_What the task asks:_
Restate word for word the lines below, from the one containing "بالصور .. الإمام" through the final line, with no pictures included.

(Beginning of Supplied data)

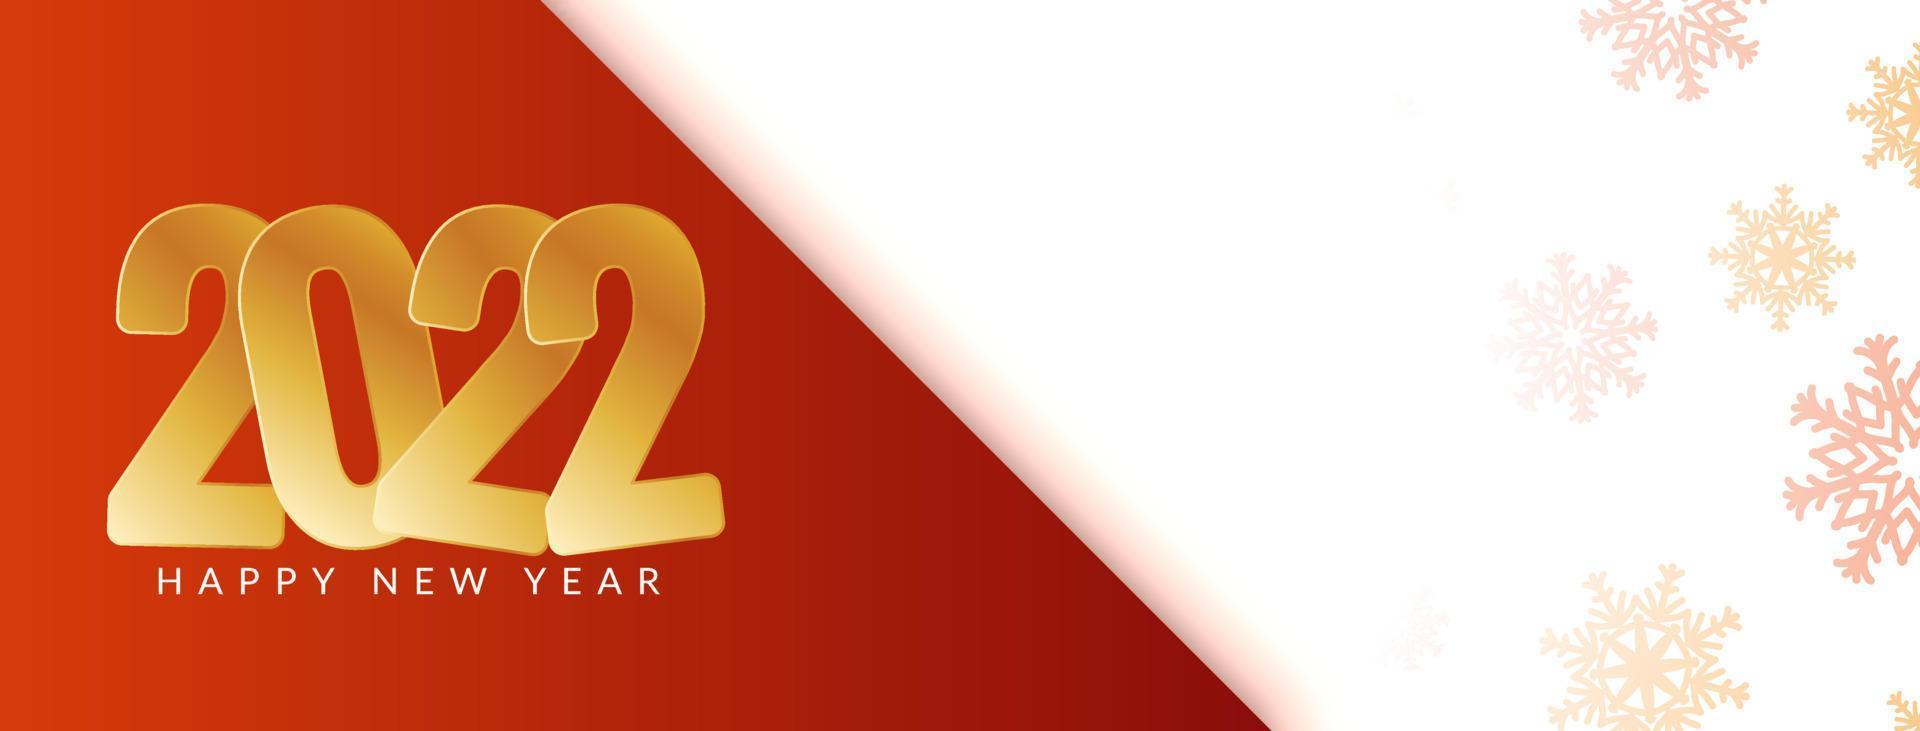 felice anno nuovo 2022 testo dorato elegante banner design vettore
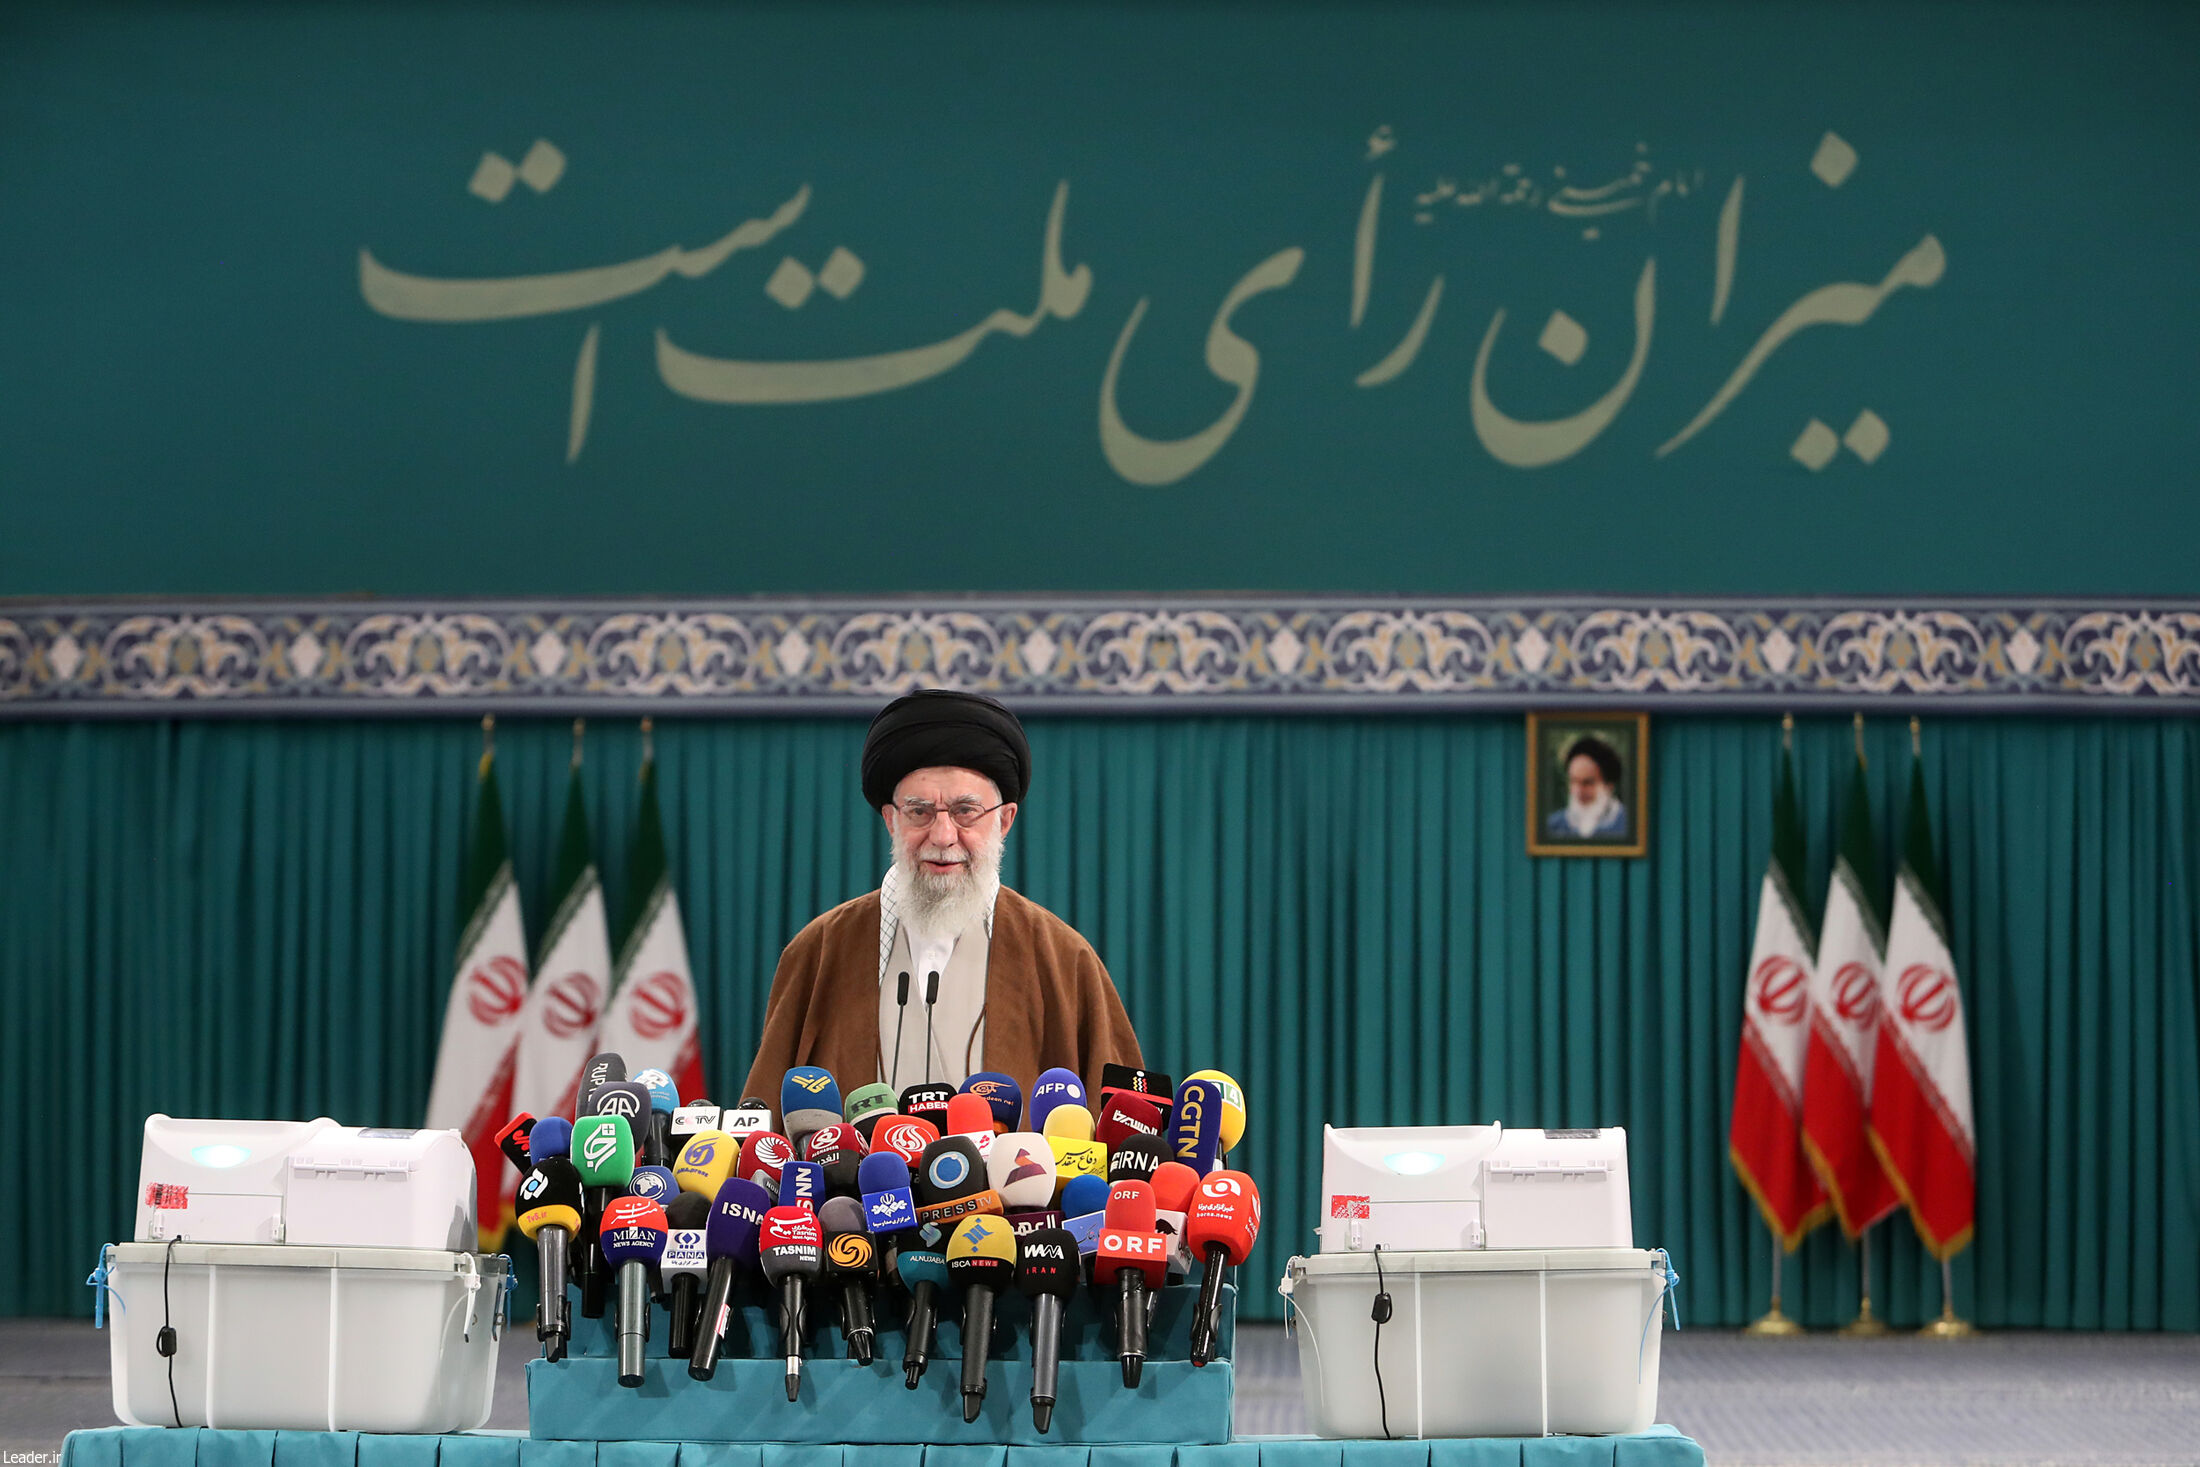 بالصور .. الإمام الخامنئی یدلی بصوته خلال الدورة التكميلية للانتخابات البرلمانیة في ايران  
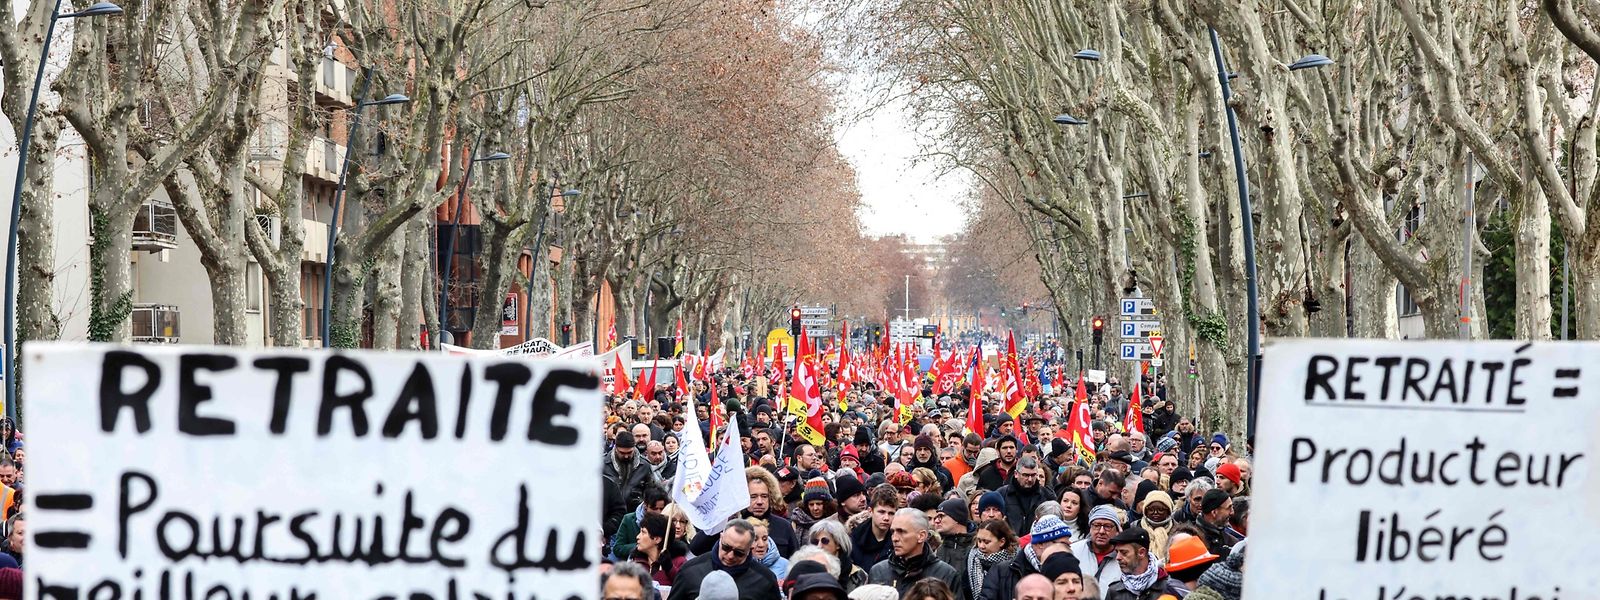 Überall in Frankreich gab es Proteste gegen die Rentenreform, etwa hier in Toulouse.
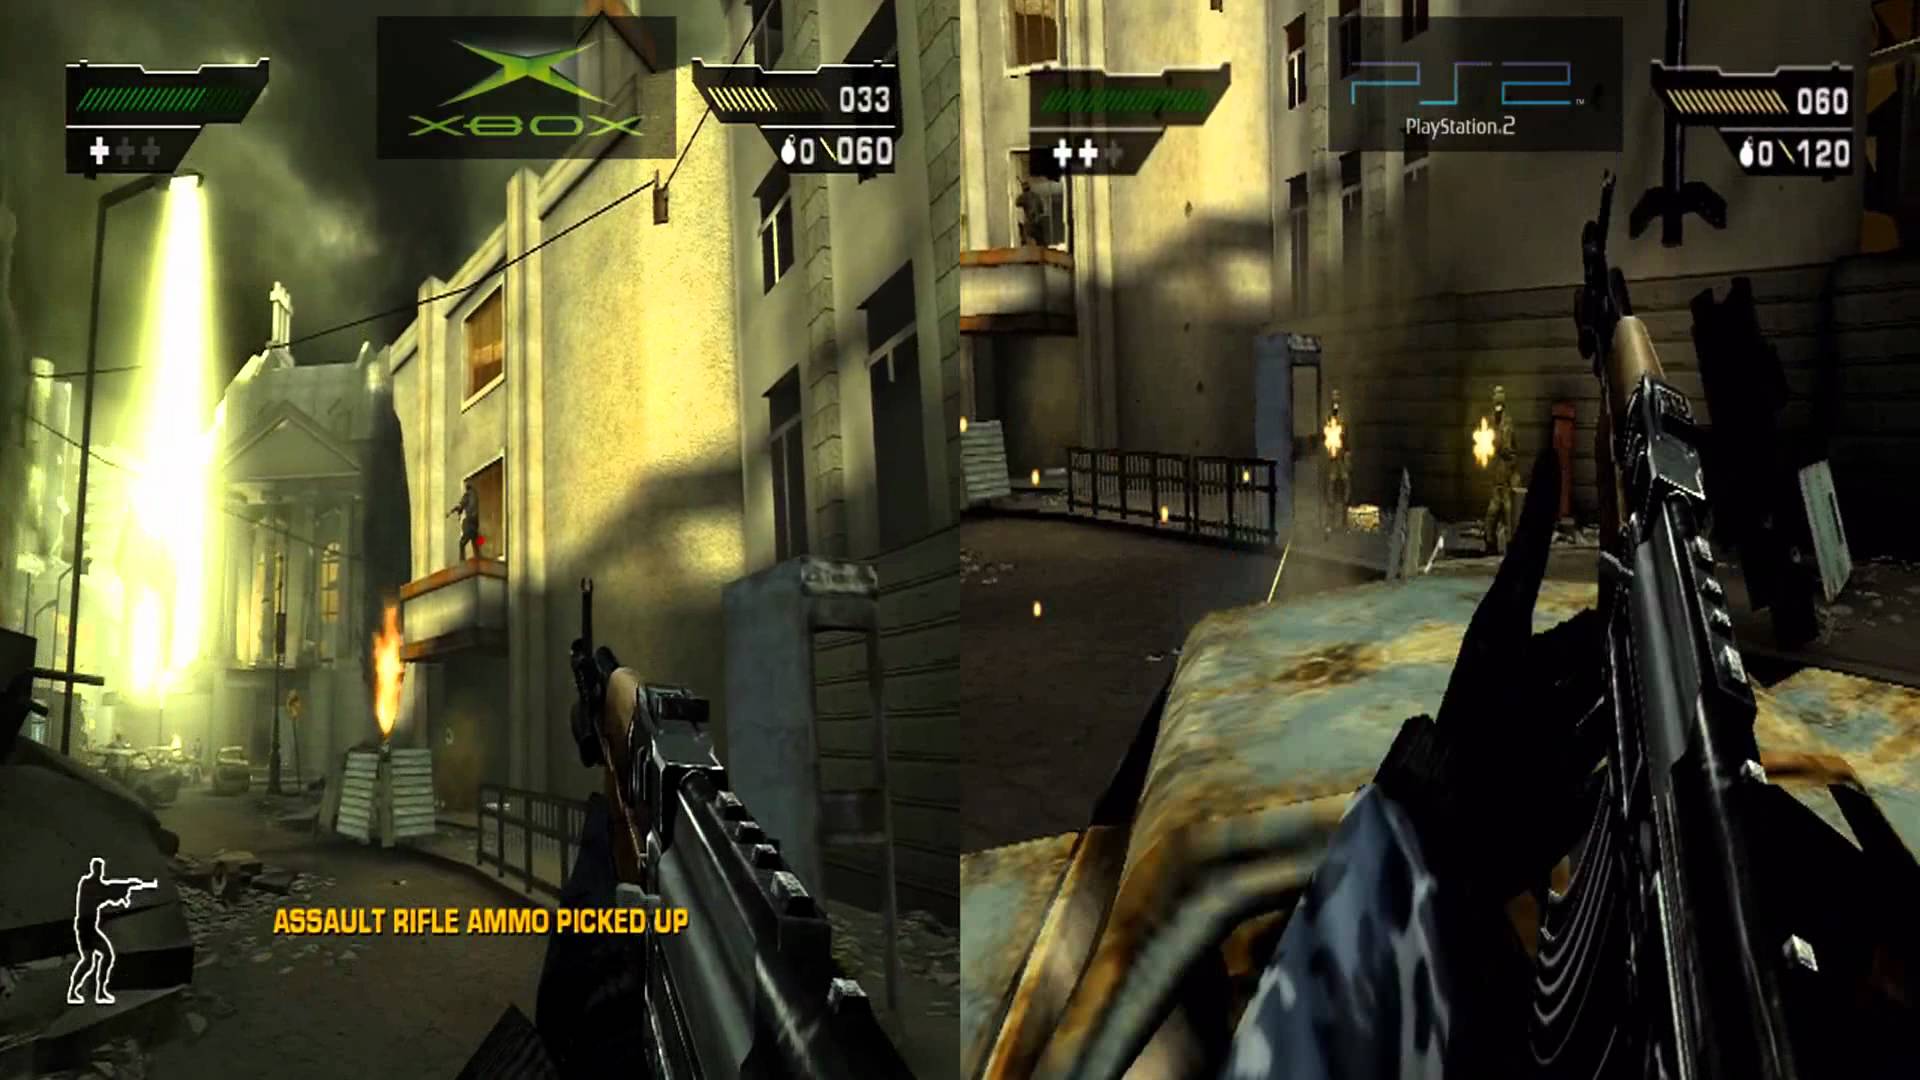 Ps2 graphics. Ps2 vs Xbox. Xbox Original vs ps2. Ps2 Xbox Original. Xbox vs PLAYSTATION 2.

(End of Supplied data)

_Result for this exercise:_
 بالصور .. الإمام الخامنئی یدلی بصوته خلال الدورة التكميلية للانتخابات البرلمانیة في ايران  
 Überall in Frankreich gab es Proteste gegen die Rentenreform, etwa hier in Toulouse.
 Ps2 graphics. Ps2 vs Xbox. Xbox Original vs ps2. Ps2 Xbox Original. Xbox vs PLAYSTATION 2.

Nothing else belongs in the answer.